それより以前にアブラハムに与えられた割礼に関する律法は,このように述べていました。『割礼を受ざる男児すなわちその陽の皮を割ざる者は我契約を破るによりて其人其民の中より絶るべし』(創世 17:14)割礼を受けていなかったのはモーセではなく彼の息子でしたから,エホバのみ使いによって危うくされていたのは明らかに少年の命でした。その上モーセは,イスラエル人をエジプトから導き出すという神からの任務を,エホバのみ使いを通して受けていました。(出エジプト 3:10)従って,その任務を果たしに行く途中で,モーセ自身が神のみ使いによって死にさらされた,と結論するのは,道理にかなっているとは思えません。
割礼の契約に一致して行動しなかったゆえにモーセの息子を殺すよう,神から力を受けたのは,エホバのみ使いでした。

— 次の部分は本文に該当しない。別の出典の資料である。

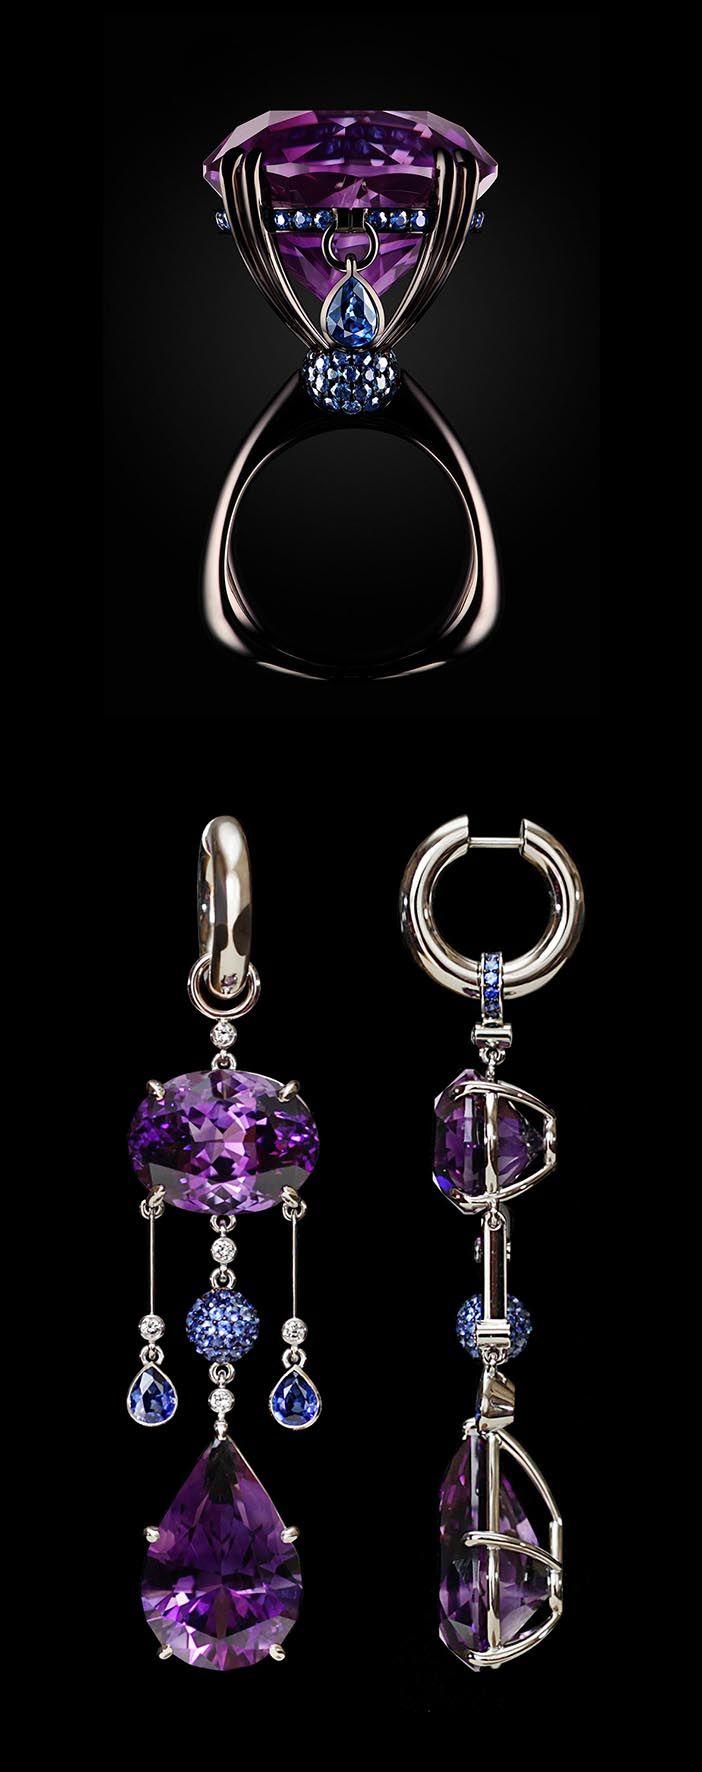 "VLAD GLYNIN jewellery - Ring and earrings set ""Dew-Iris"", 2012. White gold, amethysts, sapphires. / Кольцо и серьги ""Роса-ирис"", 2012 г. Белое золото, аметисты, сапфиры. / Anello e orecchini ""Rugiada-iris"", 2012. Oro bianco, ametiste, zaffiri."

それでチッポラが,陽の皮(契約に従ったことの証拠となるもの)をみ使いの足に触れさせ,こうして今や息子が死ぬ理由のないことを示したのは当然のことでした。
チッポラの,『汝はまことにわがためには血の夫なり』という聞き慣れない表現は,明らかに,割礼が契約と関係していたために述べられたものでした。その契約の創始者はエホバ神で,ここではエホバのみ使いによって代表されていました。従って,代表者であるみ使いを通してエホバに「血の夫」と呼びかけた時,チッポラは批判的にそう言ったのではなく,契約の言葉に今や服していることを認めていたのです。彼女はあたかも,エホバを夫として,割礼の契約における妻の立場を受け入れたかのようでした。神の正当な要求に従うこうした行為により,彼女の息子の命は,もはや危険な状態にはありませんでした。